**Aim of the exercise:** What's needed is an exact copy of all the data below, without pictures.

**Given data:**
>>
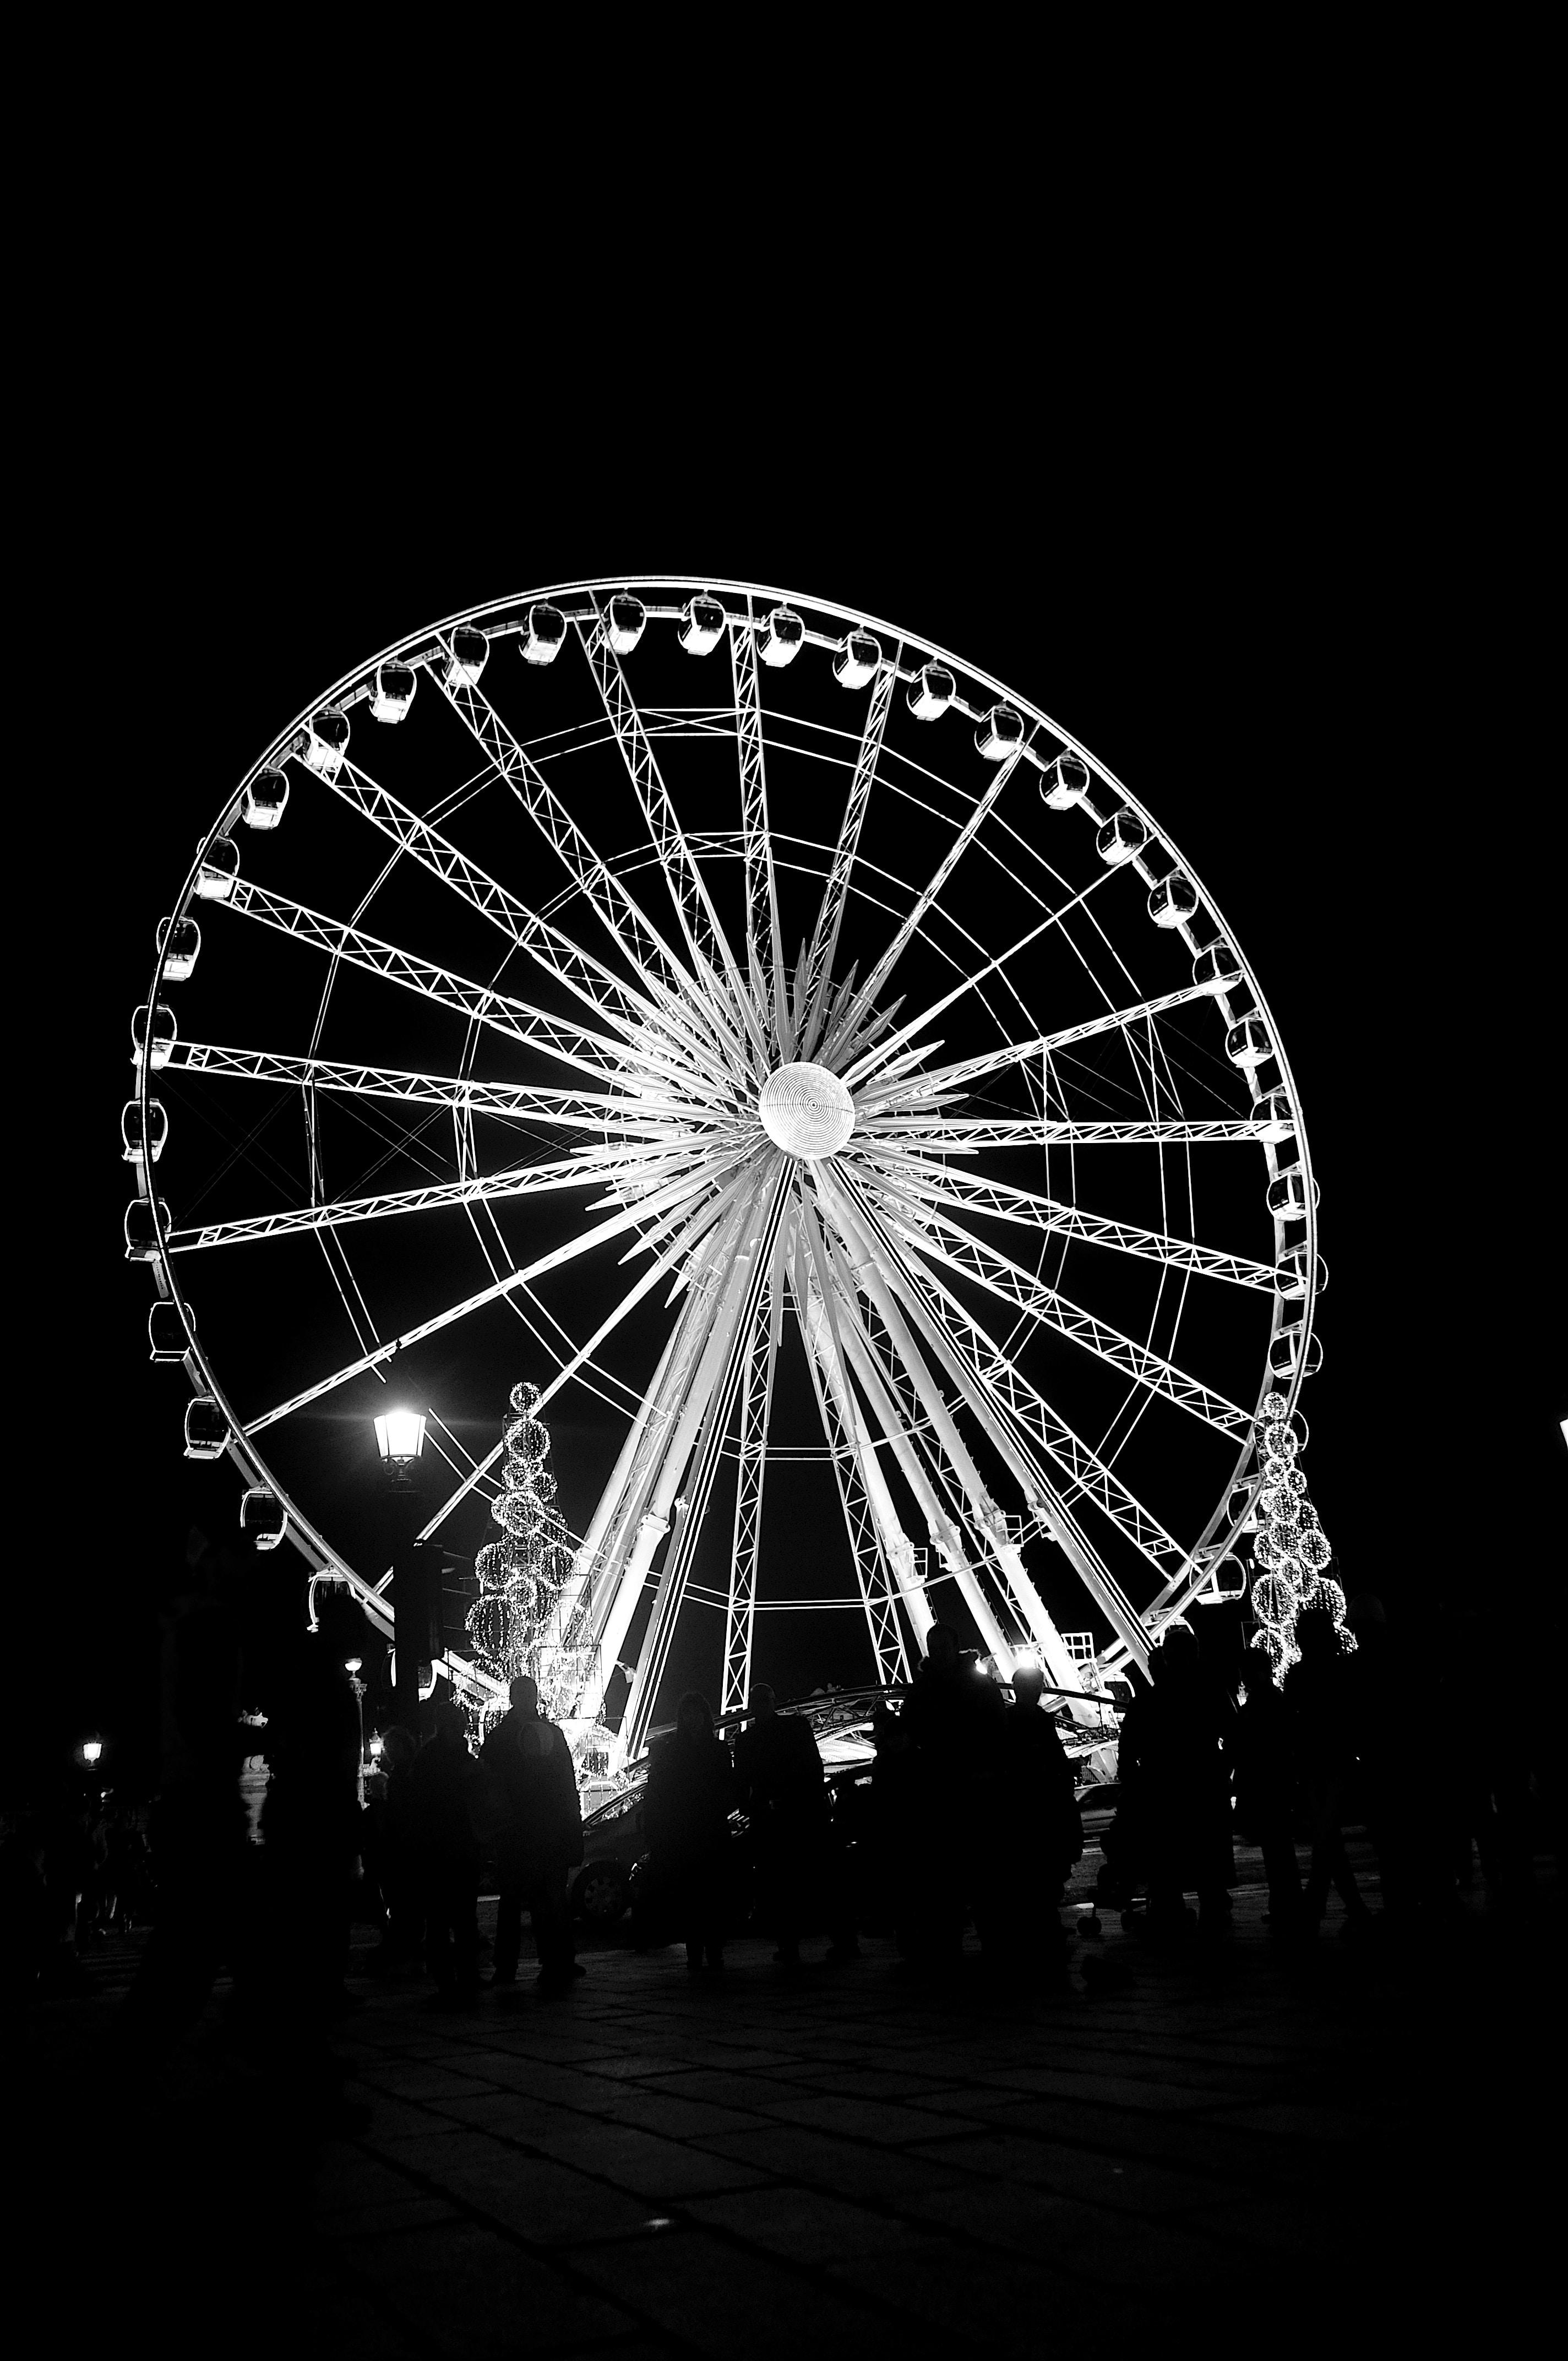 people standing near Ferris Wheel
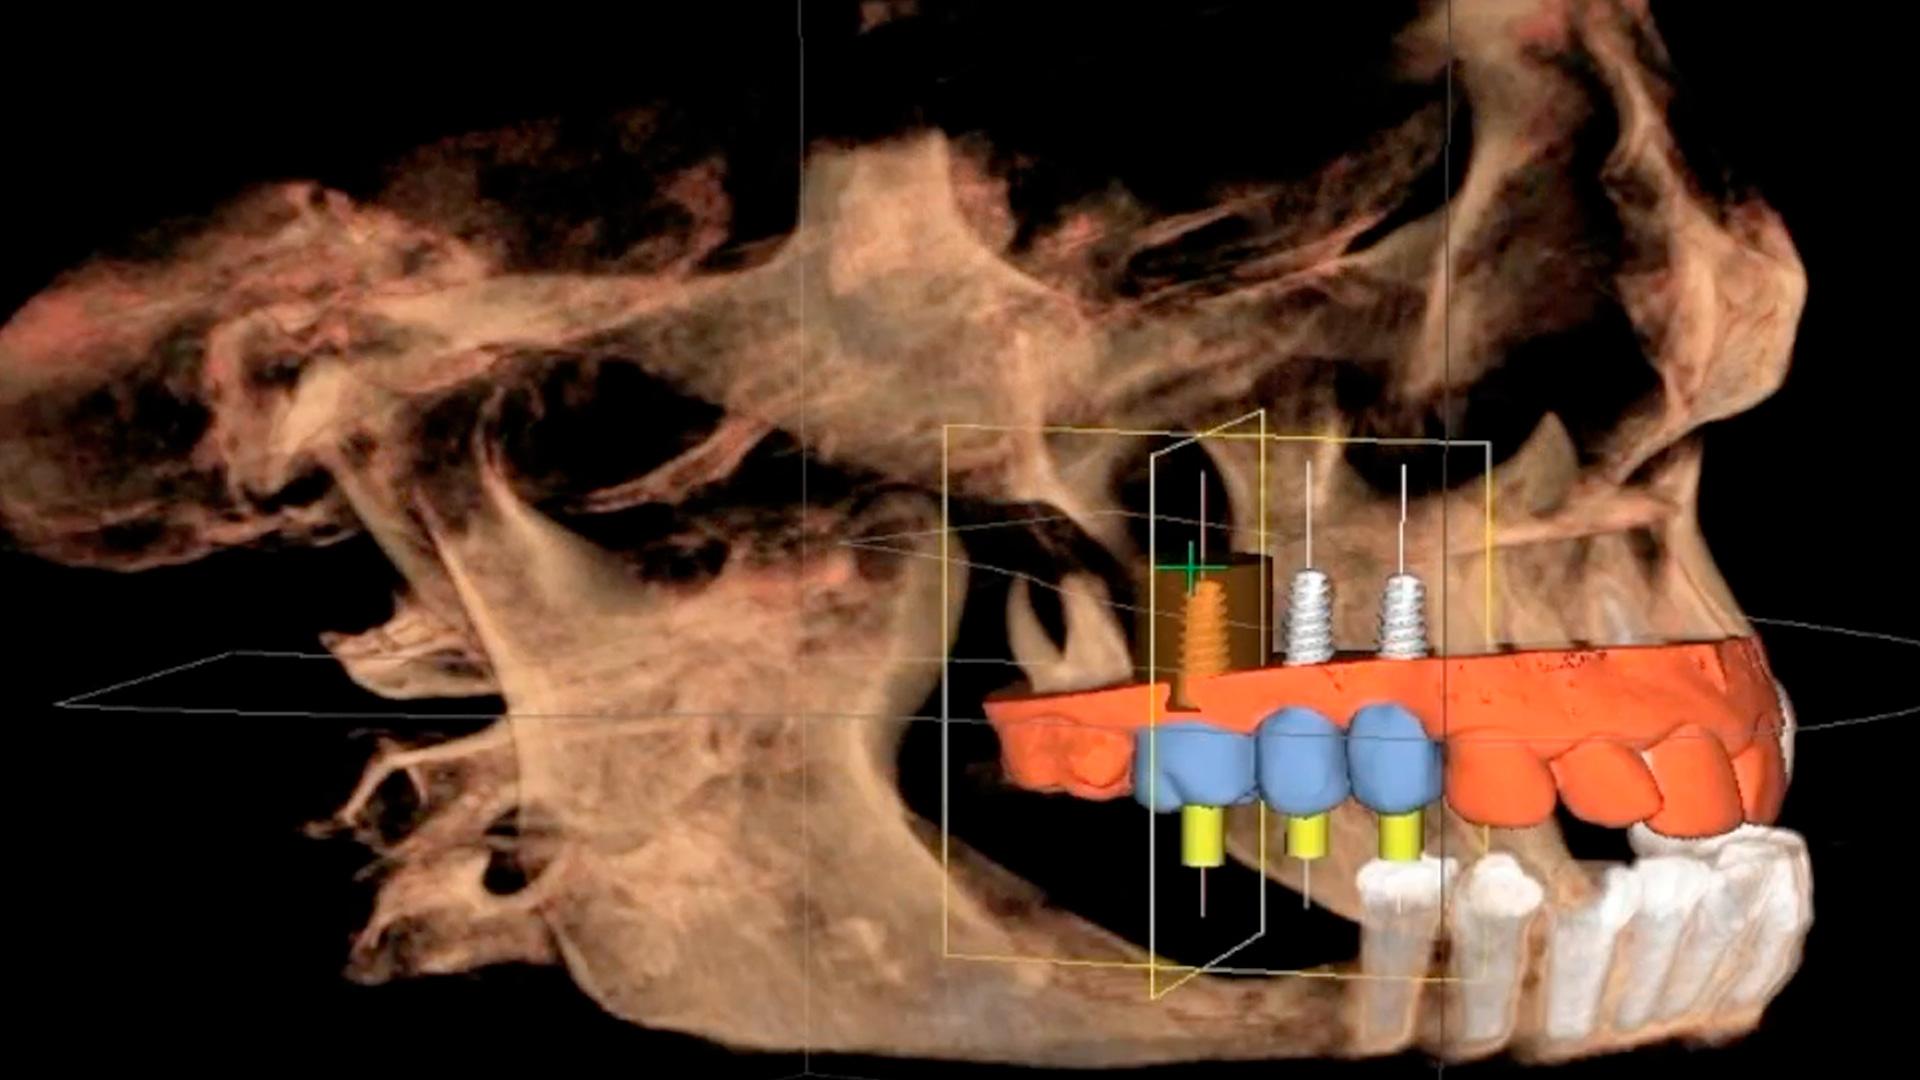 <p>En esta Masterclass <strong>Odontolog&iacute;a digital: la clave para la diferenciaci&oacute;n</strong>, impartida por el doctor Carlos Barrado, analizaremos un tema que cada vez consideramos m&aacute;s importante: la <strong>odontolog&iacute;a digital</strong> como herramienta para la diferenciaci&oacute;n.<br /> <br /> La digitalizaci&oacute;n de la cl&iacute;nica dental nos permite trabajar de forma &oacute;ptima en la atenci&oacute;n y el tratamiento de nuestros pacientes, ahondando en la excelencia. La <strong>odontolog&iacute;a digital</strong> nos permite trabajar con un flujo de trabajo m&aacute;s r&aacute;pido y preciso. Gracias a esta Masterclass, <strong>Odontolog&iacute;a digital: la clave para la diferenciaci&oacute;n</strong>, podr&aacute;s conocer y profundizar en las &uacute;ltimas tecnolog&iacute;as en <strong>odontolog&iacute;a digital</strong>. Conocer a fondo estas tecnolog&iacute;as te facilitar&aacute; tu trabajo como odont&oacute;logo obteniendo mejores resultados en todos los tratamientos de tu cl&iacute;nica dental.<br /> <br /> Todas nuestras Masterclass est&aacute;n impartidas por los mayores expertos en odontolog&iacute;a. Gracias a nuestra Masterclass&nbsp;<strong>Odontolog&iacute;a digital: la clave para la diferenciaci&oacute;n</strong>&nbsp;y otras como esta, que forman parte de la serie&nbsp;<strong>Nuevas tecnolog&iacute;as en implantolog&iacute;a</strong>, podr&aacute;s desarrollar y actualizar tus conocimientos sobre las tecnolog&iacute;as m&aacute;s avanzadas en diagn&oacute;stico y cirug&iacute;a odontol&oacute;gica, alcanzando diferentes campos de la <strong>odontolog&iacute;a digital</strong>, alcanzando una formaci&oacute;n avanzada y permiti&eacute;ndote profundizar en&nbsp;los aspectos a tener en cuenta en la colocaci&oacute;n de implantes dentales con criterios cient&iacute;ficos y de excelencia, abordando las &uacute;ltimas tendencias y t&eacute;cnicas m&aacute;s actuales en el sector odontol&oacute;gico.<br /> <br /> 
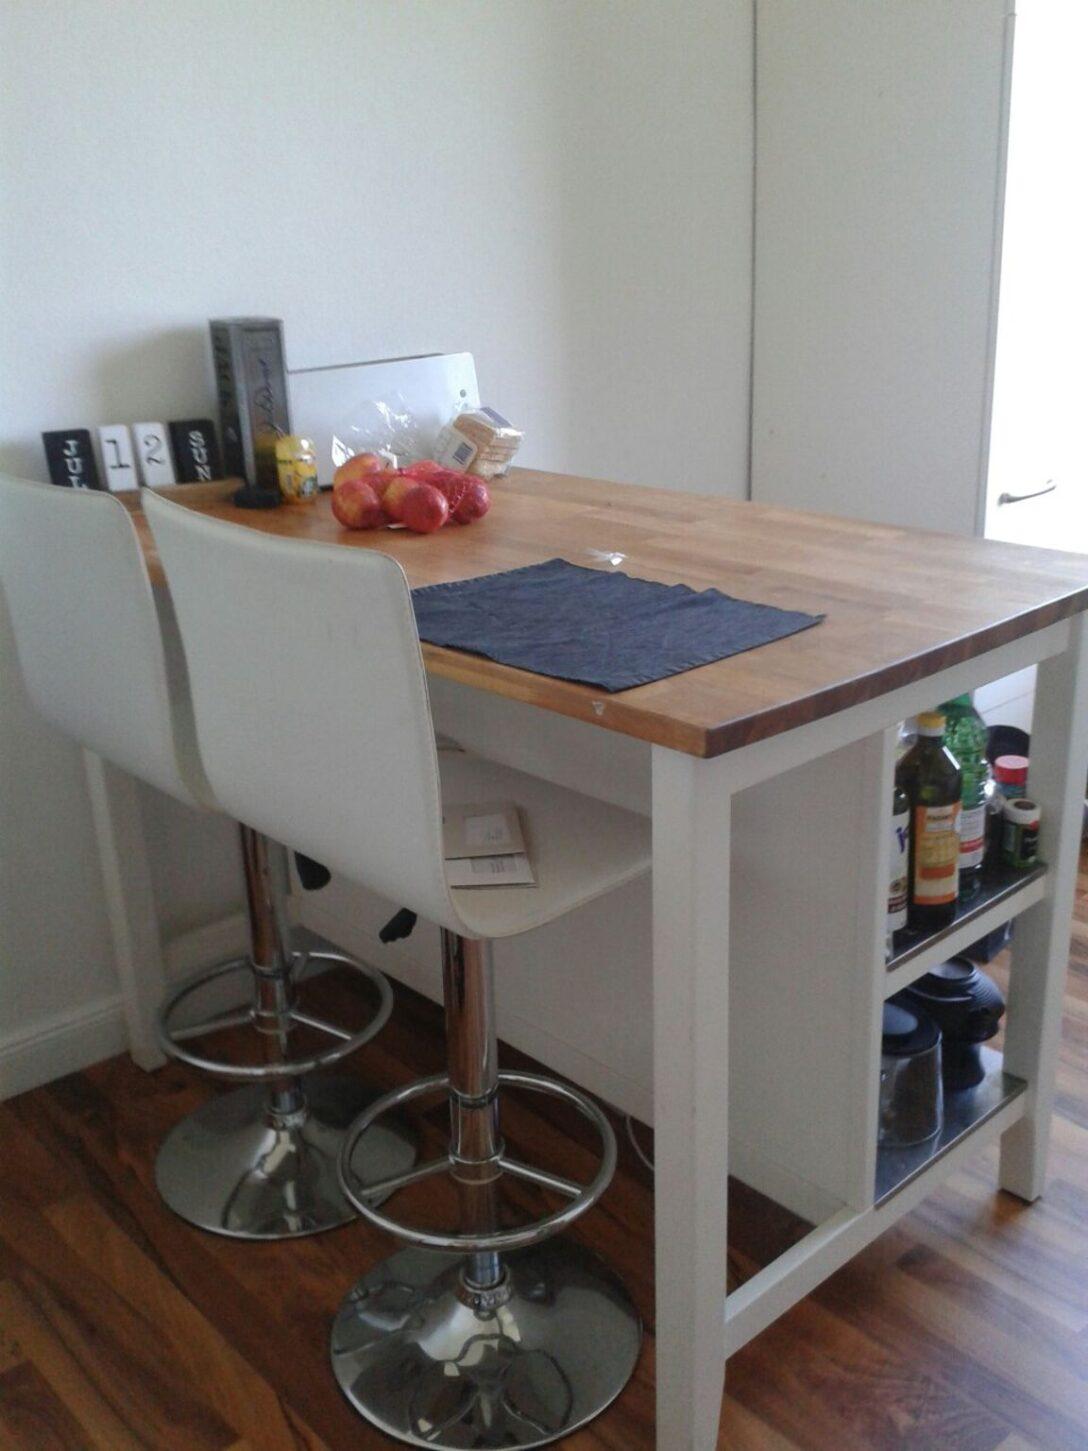 Large Size of Küche Ikea Kosten Sofa Mit Schlaffunktion Betten Bei Miniküche Modulküche Kaufen 160x200 Wohnzimmer Kücheninseln Ikea
<<
**Exercise output:**
 people standing near Ferris Wheel
 <p>En esta Masterclass <strong>Odontolog&iacute;a digital: la clave para la diferenciaci&oacute;n</strong>, impartida por el doctor Carlos Barrado, analizaremos un tema que cada vez consideramos m&aacute;s importante: la <strong>odontolog&iacute;a digital</strong> como herramienta para la diferenciaci&oacute;n.<br /> <br /> La digitalizaci&oacute;n de la cl&iacute;nica dental nos permite trabajar de forma &oacute;ptima en la atenci&oacute;n y el tratamiento de nuestros pacientes, ahondando en la excelencia. La <strong>odontolog&iacute;a digital</strong> nos permite trabajar con un flujo de trabajo m&aacute;s r&aacute;pido y preciso. Gracias a esta Masterclass, <strong>Odontolog&iacute;a digital: la clave para la diferenciaci&oacute;n</strong>, podr&aacute;s conocer y profundizar en las &uacute;ltimas tecnolog&iacute;as en <strong>odontolog&iacute;a digital</strong>. Conocer a fondo estas tecnolog&iacute;as te facilitar&aacute; tu trabajo como odont&oacute;logo obteniendo mejores resultados en todos los tratamientos de tu cl&iacute;nica dental.<br /> <br /> Todas nuestras Masterclass est&aacute;n impartidas por los mayores expertos en odontolog&iacute;a. Gracias a nuestra Masterclass&nbsp;<strong>Odontolog&iacute;a digital: la clave para la diferenciaci&oacute;n</strong>&nbsp;y otras como esta, que forman parte de la serie&nbsp;<strong>Nuevas tecnolog&iacute;as en implantolog&iacute;a</strong>, podr&aacute;s desarrollar y actualizar tus conocimientos sobre las tecnolog&iacute;as m&aacute;s avanzadas en diagn&oacute;stico y cirug&iacute;a odontol&oacute;gica, alcanzando diferentes campos de la <strong>odontolog&iacute;a digital</strong>, alcanzando una formaci&oacute;n avanzada y permiti&eacute;ndote profundizar en&nbsp;los aspectos a tener en cuenta en la colocaci&oacute;n de implantes dentales con criterios cient&iacute;ficos y de excelencia, abordando las &uacute;ltimas tendencias y t&eacute;cnicas m&aacute;s actuales en el sector odontol&oacute;gico.<br /> <br /> 
 Large Size of Küche Ikea Kosten Sofa Mit Schlaffunktion Betten Bei Miniküche Modulküche Kaufen 160x200 Wohnzimmer Kücheninseln Ikea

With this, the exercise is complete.